*** Opening of Supplied entries ***
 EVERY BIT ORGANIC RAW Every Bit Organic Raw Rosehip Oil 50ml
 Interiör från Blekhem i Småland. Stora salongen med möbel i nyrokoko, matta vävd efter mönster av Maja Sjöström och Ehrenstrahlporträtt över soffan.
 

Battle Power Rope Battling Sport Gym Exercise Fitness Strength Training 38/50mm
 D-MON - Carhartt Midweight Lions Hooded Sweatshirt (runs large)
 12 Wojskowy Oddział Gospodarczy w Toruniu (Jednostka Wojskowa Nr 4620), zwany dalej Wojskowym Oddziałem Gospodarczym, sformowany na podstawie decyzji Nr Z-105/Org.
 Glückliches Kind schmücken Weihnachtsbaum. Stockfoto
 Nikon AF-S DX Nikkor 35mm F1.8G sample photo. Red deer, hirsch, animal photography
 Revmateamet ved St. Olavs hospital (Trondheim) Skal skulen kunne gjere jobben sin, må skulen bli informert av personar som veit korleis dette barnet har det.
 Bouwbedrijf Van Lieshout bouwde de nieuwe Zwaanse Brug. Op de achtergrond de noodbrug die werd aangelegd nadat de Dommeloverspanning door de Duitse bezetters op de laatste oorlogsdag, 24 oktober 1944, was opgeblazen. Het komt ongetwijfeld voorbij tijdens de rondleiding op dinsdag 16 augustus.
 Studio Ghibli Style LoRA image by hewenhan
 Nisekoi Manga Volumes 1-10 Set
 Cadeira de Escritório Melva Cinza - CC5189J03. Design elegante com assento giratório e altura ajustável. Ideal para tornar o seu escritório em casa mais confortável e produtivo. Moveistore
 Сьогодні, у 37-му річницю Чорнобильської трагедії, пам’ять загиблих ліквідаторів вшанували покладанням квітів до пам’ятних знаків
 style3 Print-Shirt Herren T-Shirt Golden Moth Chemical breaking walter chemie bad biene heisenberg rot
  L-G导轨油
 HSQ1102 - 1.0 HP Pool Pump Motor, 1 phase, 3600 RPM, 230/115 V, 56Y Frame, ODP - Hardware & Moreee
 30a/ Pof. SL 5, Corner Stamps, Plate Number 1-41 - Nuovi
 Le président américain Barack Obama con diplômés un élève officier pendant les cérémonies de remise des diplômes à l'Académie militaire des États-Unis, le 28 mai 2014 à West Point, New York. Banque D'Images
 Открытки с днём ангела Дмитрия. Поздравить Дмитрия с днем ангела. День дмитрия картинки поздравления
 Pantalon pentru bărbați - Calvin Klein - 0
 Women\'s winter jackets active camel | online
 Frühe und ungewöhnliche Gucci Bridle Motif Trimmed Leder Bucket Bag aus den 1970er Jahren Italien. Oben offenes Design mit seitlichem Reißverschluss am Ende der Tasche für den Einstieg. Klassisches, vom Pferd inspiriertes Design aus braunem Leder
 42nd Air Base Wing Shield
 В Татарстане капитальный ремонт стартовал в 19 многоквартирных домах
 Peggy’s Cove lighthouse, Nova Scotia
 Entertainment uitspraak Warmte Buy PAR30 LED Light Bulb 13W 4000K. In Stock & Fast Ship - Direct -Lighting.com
*** Close of Supplied entries ***
With the data above as the source, tally the lines that include the string "Design", and give that figure alone.

2